The last day is about to end in 2 and a half hours, so you don't want to miss the remaining conferences. The other two talks were on

  • Pushing security Left, by Mutating Byte Code by Gaurav Goggia - Where he introduced his research work as a new programming language Mutant with main features as the statements stored in the source code is encrypted and decrypted on the fly in the processor, which can help the hiding secrets(like AWS tokens, or any secret API key, etc.) stored in the binary application itself.

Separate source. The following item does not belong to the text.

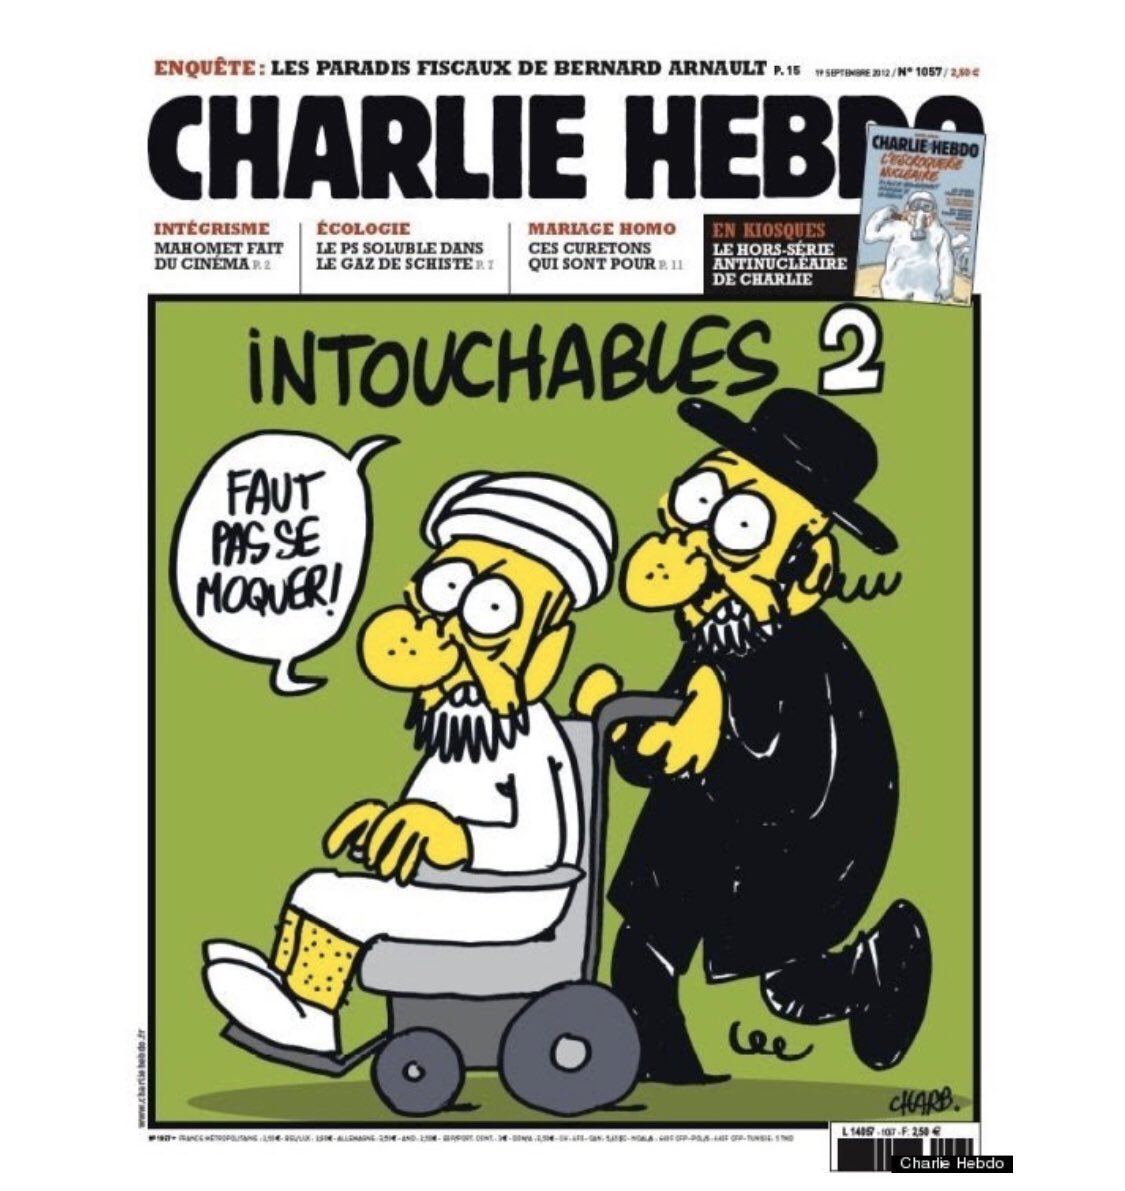 Os dejo con los dibujos que causaron todo el revuelo. #JeSuisCharlie ¡VIVA LA LIBERTAD DE EXPRESIÓN!

  • And the last one was Unearthing Malicious open-source packages using code provenance analysis by Ashish Bijlani and Devdut Patnaik. They introduced a tool named packj that can identify a malicious package. Malicious actors utilizing open source trust modify(account takeover) or create a similar package(by typosquatting) which users install without verifying and ended up making applications vulnerable to users using them. They offer a SaaS platform also to uncover some other stats and features that packj cmd tool doesn't provide https://packj.dev/

The event ended with prize closing notes and prize distributions of two CTF organized at NULLCON. For Hardwear CTF and Winja CTF. The winner of WINJA CTF can be tracked here https://ctf.winja.site/scoreboard, the one shocking news I get to know is that at end of the day that WINJA CTF is now no more specific to women. To add diversification and be more challenging it is open to all sorts of people in and around the world.

Takeaways

  • Plan ahead of time for any event you want to join since there are many parallel talks and both can be interesting to watch and you might see already a huge rush at some events. And try to find out the Program Guide available at the event reception.
  • How the incorrect configuration of an electron app can lead to RCE-like vulnerability.
  • Kernel Patching is quite a complex process as different vendors are maintaining different versions and some are hardware-specific kernels. So automating the process of analyzing and patching vulnerability by tools like kernel-patchalyzer
  • Attack on 5g networks would be easier to execute as they were more based on top 10 OWASP attacks and can lead to top 10 Telecommunication flavors of OWASP.
  • Never install applications from untrusted sources as they may lead to 0 days. Even application only with permission in the manifest of start foreground service may lead to a critical breach and dispose of your P.I.
  • WINJA CTF now offers diversification, it's no more specific to women.
  • Malicious user may misuse the trust in the open source packages (some of the scenarios was colorjs, requests-python) and create malicious alternative packages that may sound similar. Tools like packj might reduce this to a greater extent.

At last, this event was a great event for meeting old friends, connecting with elite talents, and learning and sharing knowledge.